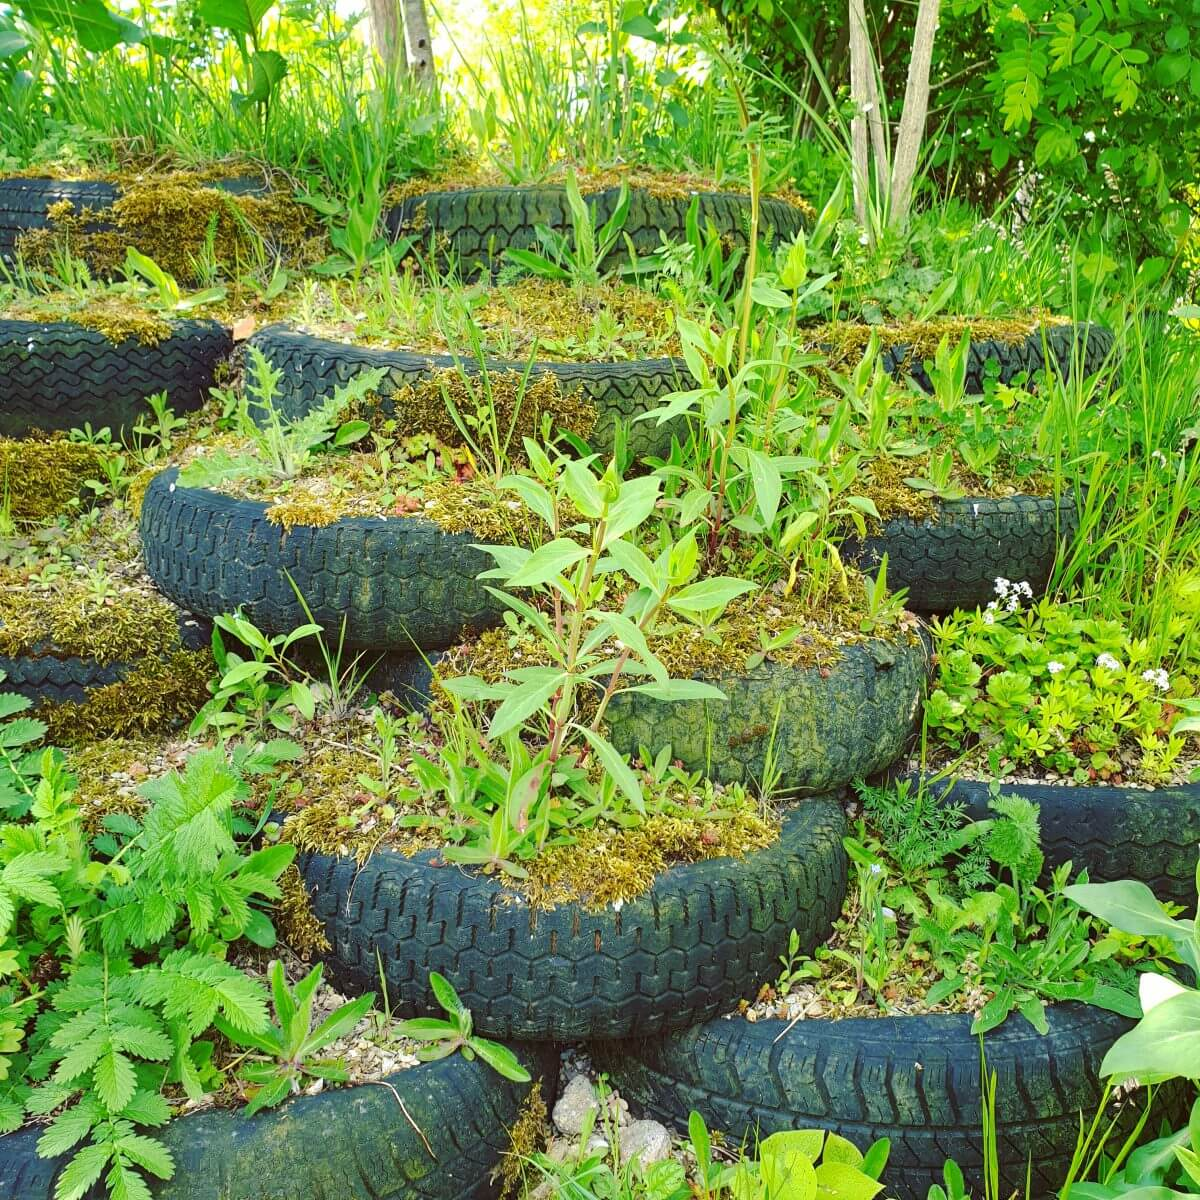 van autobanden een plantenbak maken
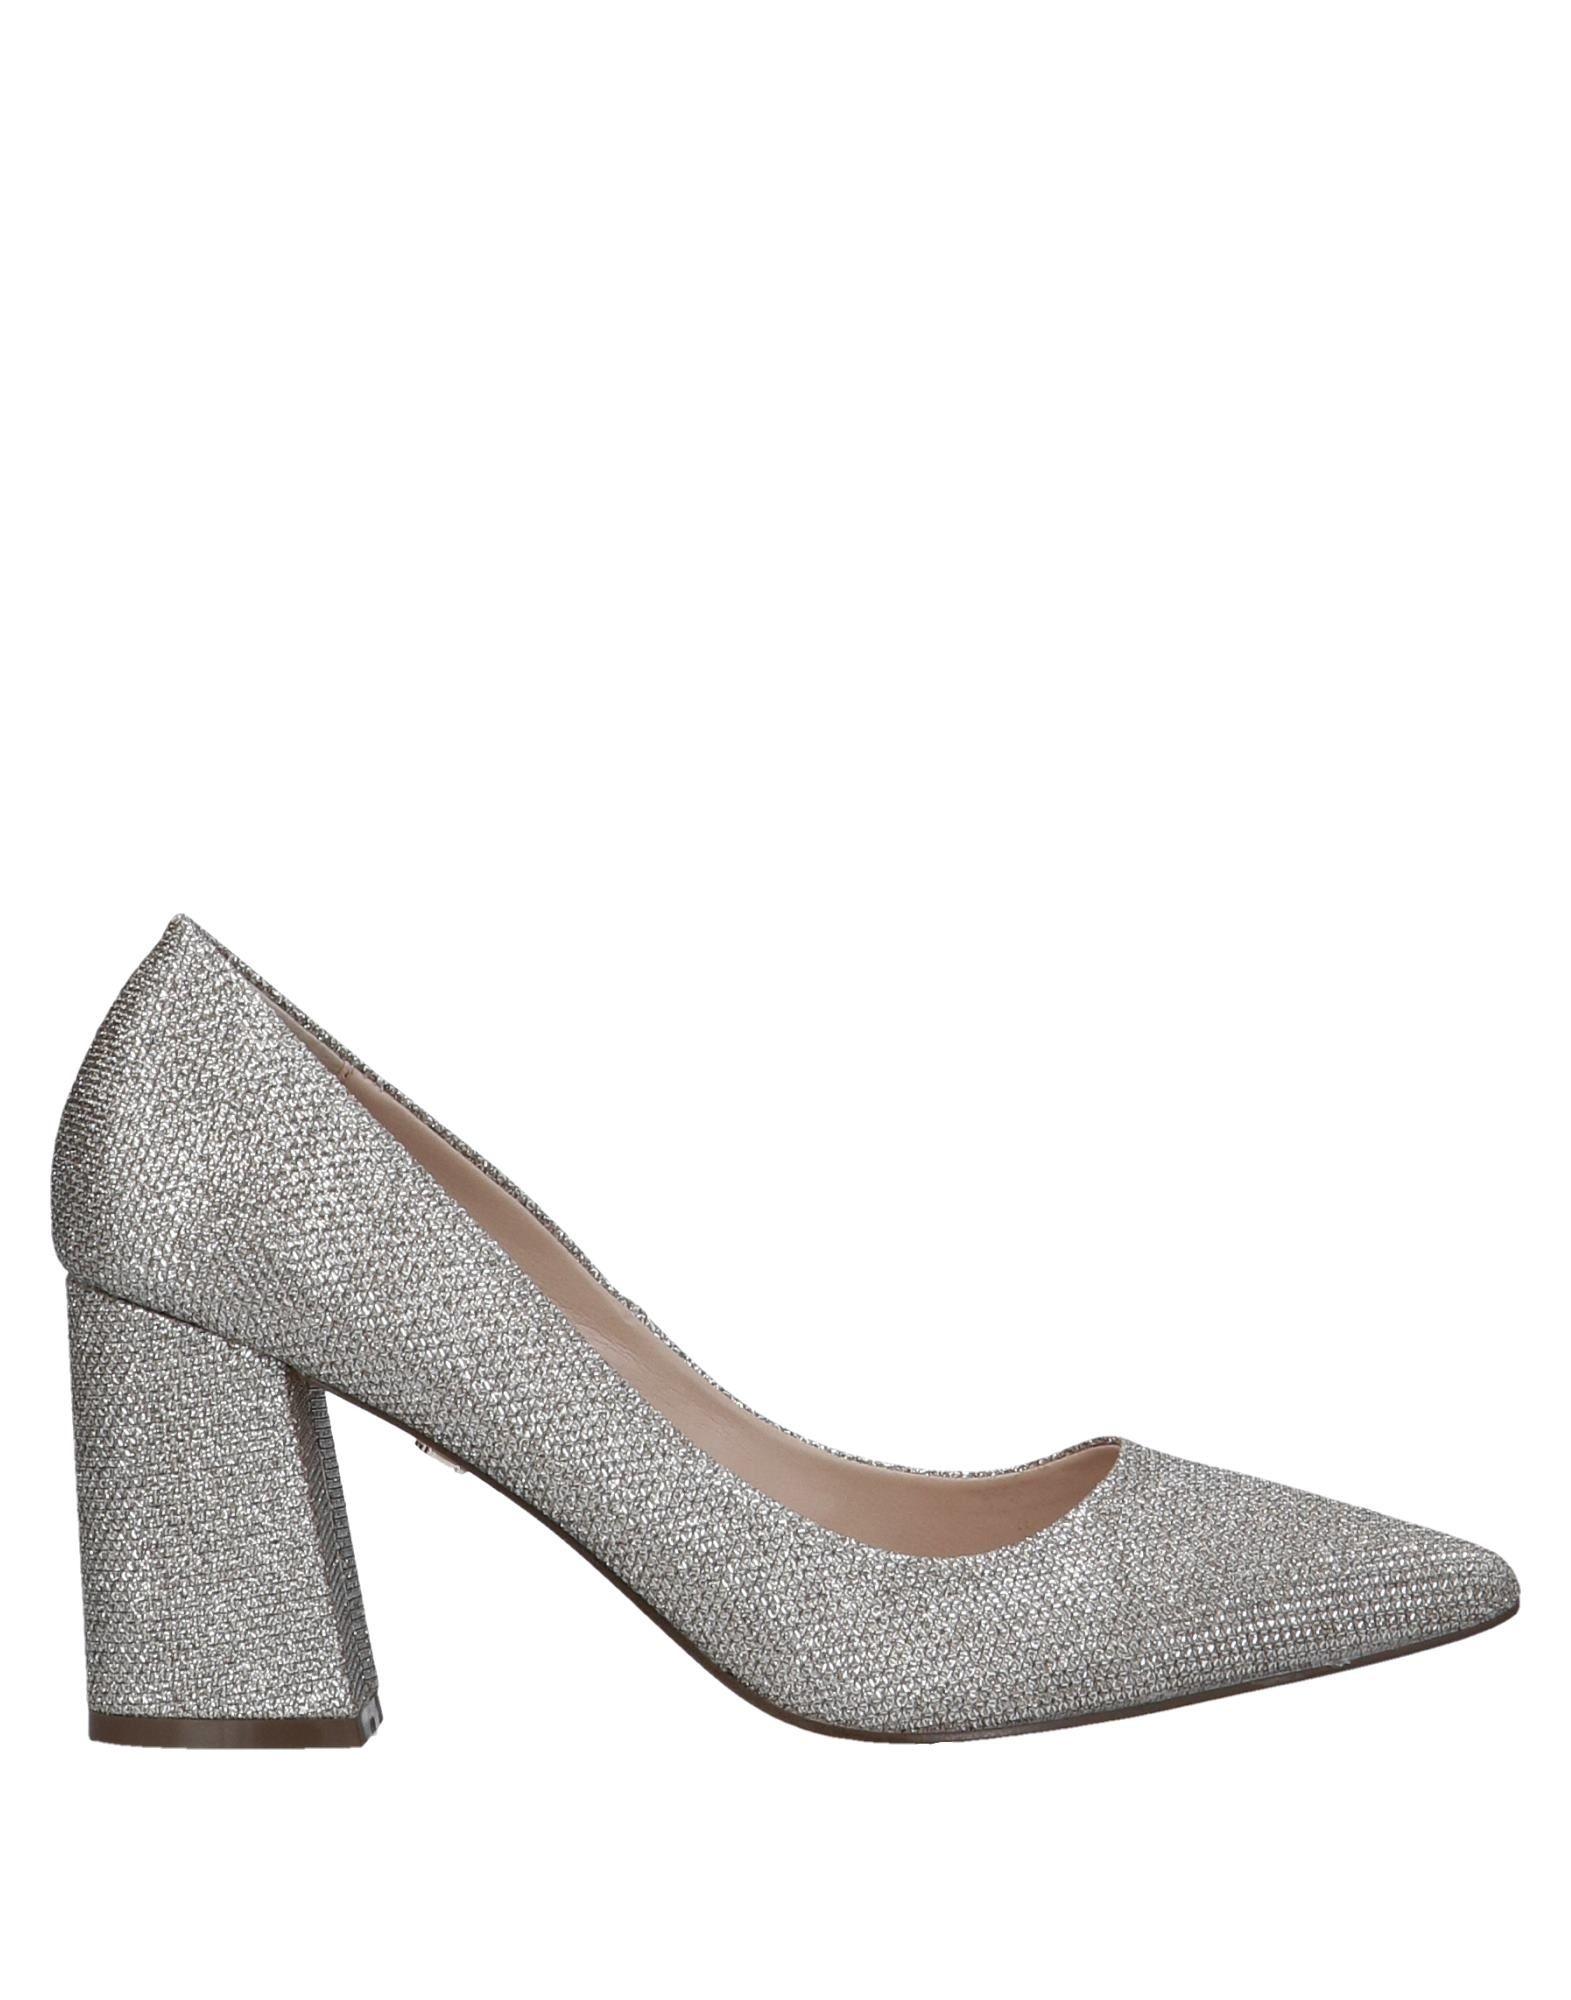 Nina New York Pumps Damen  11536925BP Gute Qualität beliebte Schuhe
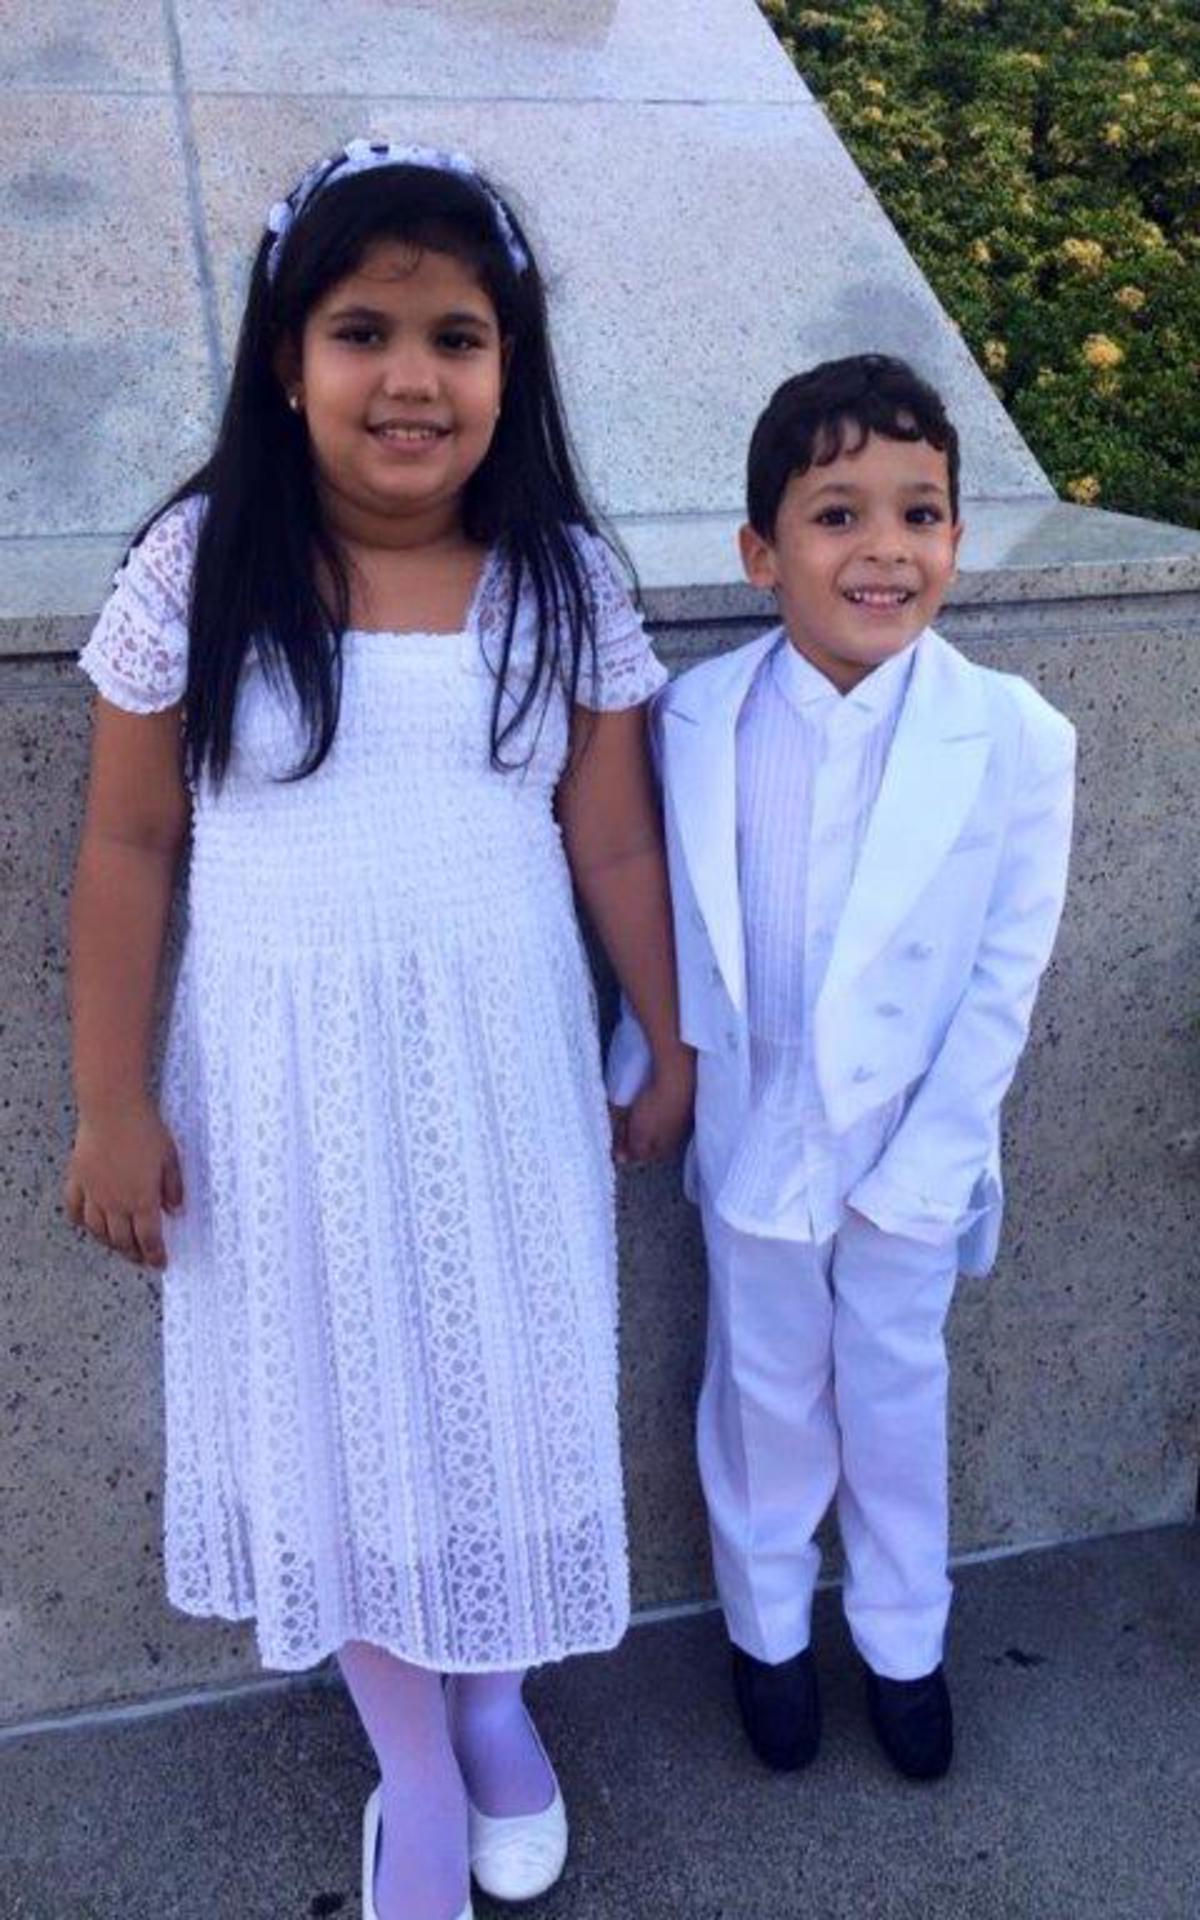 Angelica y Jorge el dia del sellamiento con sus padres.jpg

-*-

Copy out the material word for word, without any images.

 van autobanden een plantenbak maken
 Nina New York Pumps Damen  11536925BP Gute Qualität beliebte Schuhe
 Angelica y Jorge el dia del sellamiento con sus padres.jpg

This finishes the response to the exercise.